SUMMARY OF THE INVENTION
[0010] The present invention was made in consideration of the above
problem, and has as its object to enable output audio to be matched
with the configuration of output video after a plurality of screens
have been composed.
[0011] According to one aspect of the present invention, a
video/audio output apparatus comprises:
[0012] a control unit adapted to perform screen management of
output video, and generate positional relationship information for
each input video data;
[0013] an extraction unit adapted to generate partial image data
from the each input video data;
[0014] an input unit adapted to input audio source differentiated
audio data; and
[0015] a tile generation unit adapted to configure tile data by
compiling the partial image data generated by the extraction unit
and the audio source differentiated audio data for each drawing
region on a screen, based on the positional relationship
information generated by the control unit.

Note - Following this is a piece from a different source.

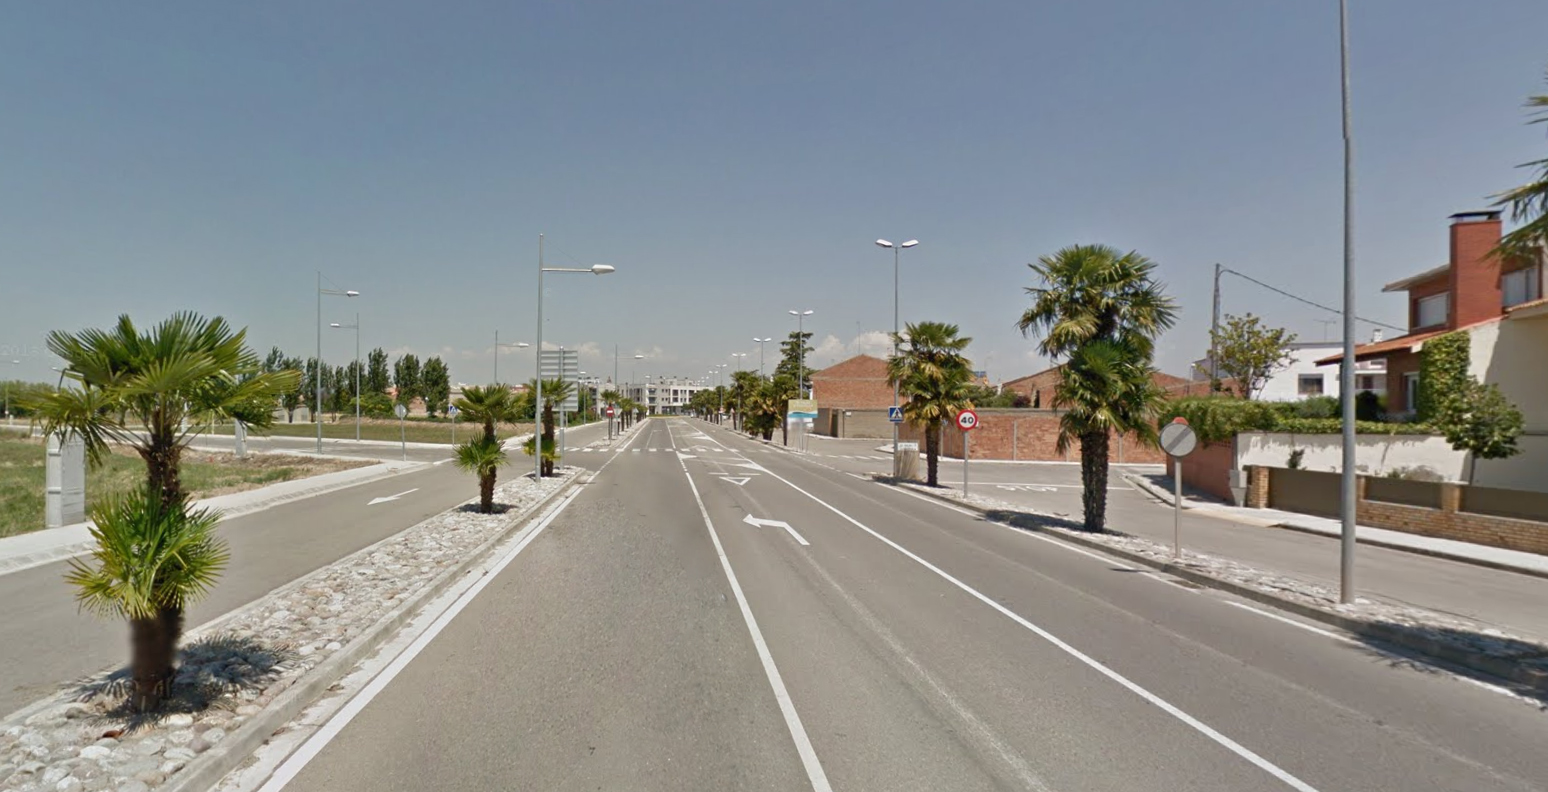 Les obres de millora dels carrers Verge de Montserrat i Urgell del Palau d’Anglesola s’inicien aquest dimecres

[0016] According to another aspect of the present invention, a
video/audio output method comprises:
[0017] a control step of performing screen management of output
video, and generating positional relationship information for each
input video data;
[0018] an extraction step of generating partial image data from the
each input video data;
[0019] an input step of inputting audio source differentiated audio
data; and
[0020] a tile generation step of configuring tile data by compiling
the partial image data generated in the extraction step and the
audio source differentiated audio data for each drawing region on a
screen, based on the positional relationship information generated
in the control step.
[0021] Further features of the present invention will become
apparent from the following description of exemplary embodiments,
with reference to the attached drawings.
BRIEF DESCRIPTION OF THE DRAWINGS
[0022] FIG. 1 shows a specific example of a typical effect of
preferred embodiments.
[0023] FIG. 2 shows an exemplary operation in a common display.
[0024] FIG. 3 shows the effect when a video/audio output apparatus
of preferred embodiments is not applied.
[0025] FIG. 4 shows the relationship between drawing position
information, partial image data, and audio source differentiated
data in tile data of preferred embodiments.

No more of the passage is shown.